I did think today, though, that perhaps I was feeling a bit "enlightened-er-than-thou" rather than actually sharing the wealth with her, by perhaps engaging her in conversation. Not that I feel responsible for uplifting the spirits of the entire universe, but inquiry into who she was may have uplifted both of us.
And during the meditation time here at the coffee shop, just before beginning this missive, I realized that the true nature of my creativity (and any creativity) is to share the beauty, love, peace, joy, strength, wisdom, etcetera in my heart and soul (in any heart and soul). So, after I "hang up" here, I'm going to draw a picture of a woman with a multi-petalled flower in her heart, where every petal is one of those things (love, joy, etcetera) and tendrils come out her fingers and go to a paintbrush and a camera and a computer keyboard and a guitar and etcetera. (The bad thing about being such a blogging Luddite is that I'm not yet to the stage of putting pictures in, so you have to slog through a thousand words to get the idea of the picture. The good thing about being a blogging Luddite is that if my picture turns out terrible none of you will see it!)

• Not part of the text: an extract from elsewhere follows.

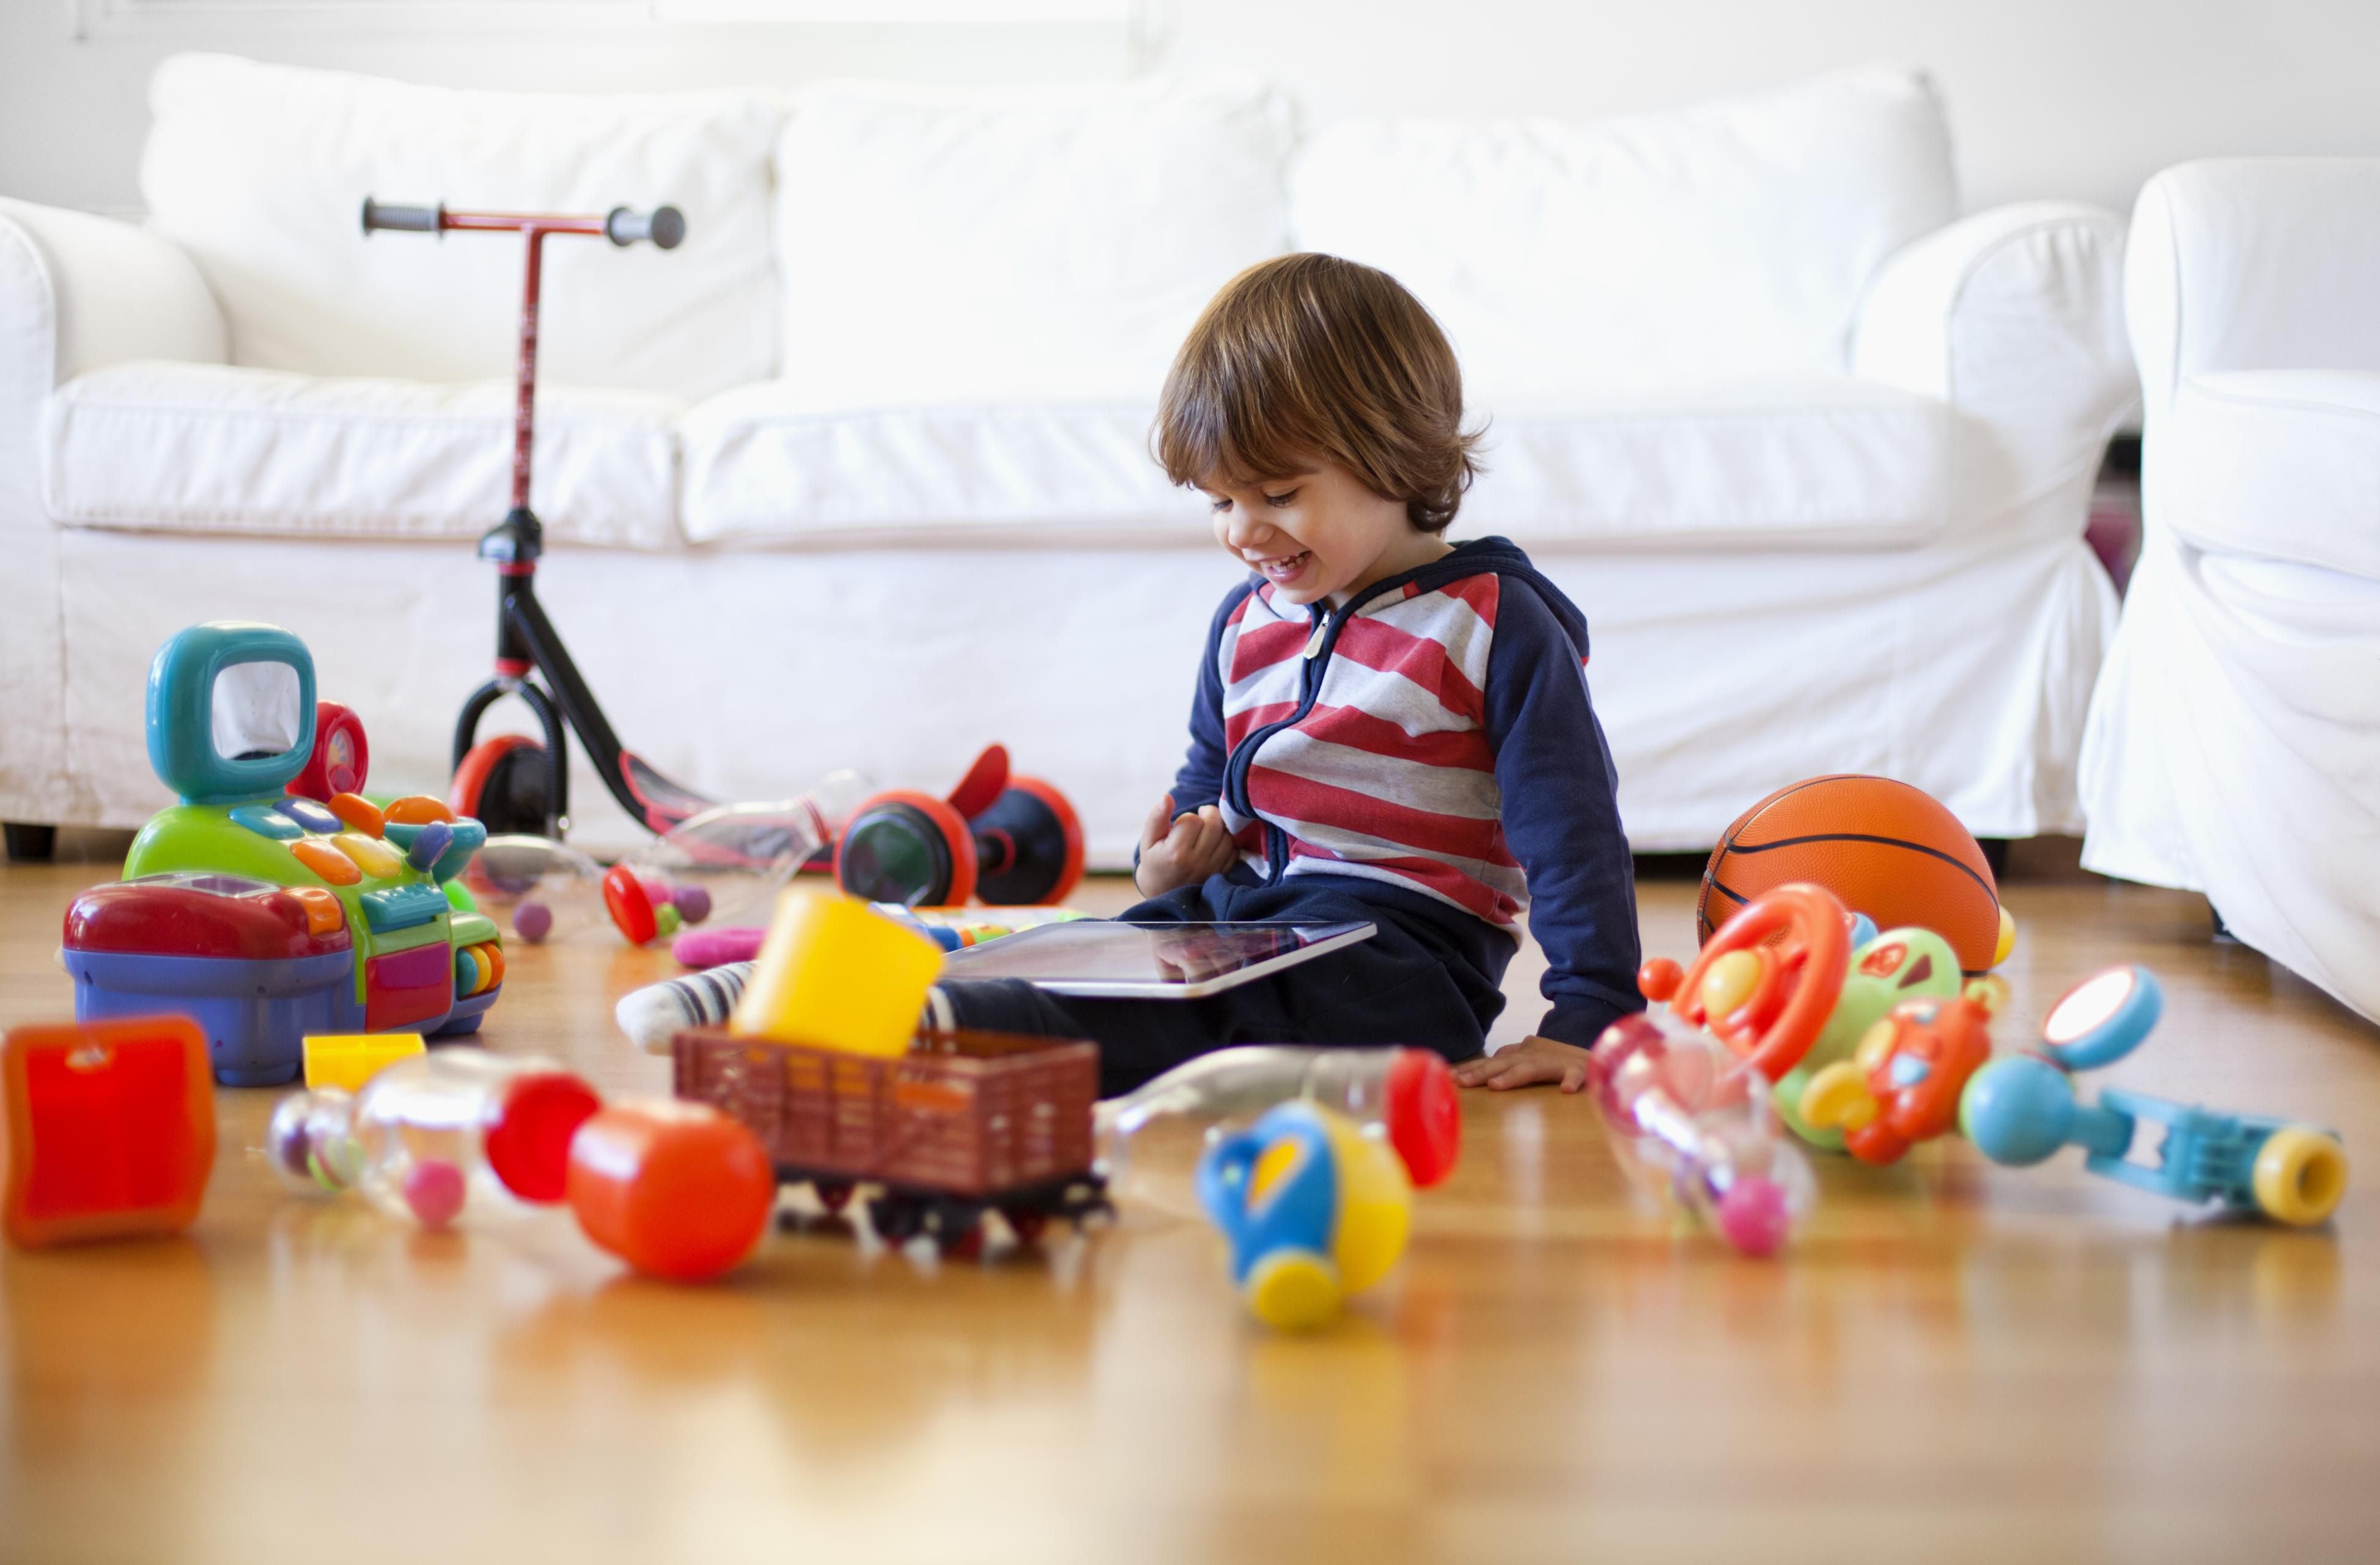 Creative Solutions for Kid-Friendly Toy Storage: A Parent's Guide

I'm having sushi with girlfriends tonight! Yay! And I got to see Sita (my little dog companion of the pet-sitting escapade) as she was out walking with her mom's new renter. She was so excited to see me she talked to me and almost squirmed out of her skin.
41. Write a few pages from the middle of an imaginary novel (as my son did for a creative paper) and then review the entire unwritten novel (as he did for the critical paper).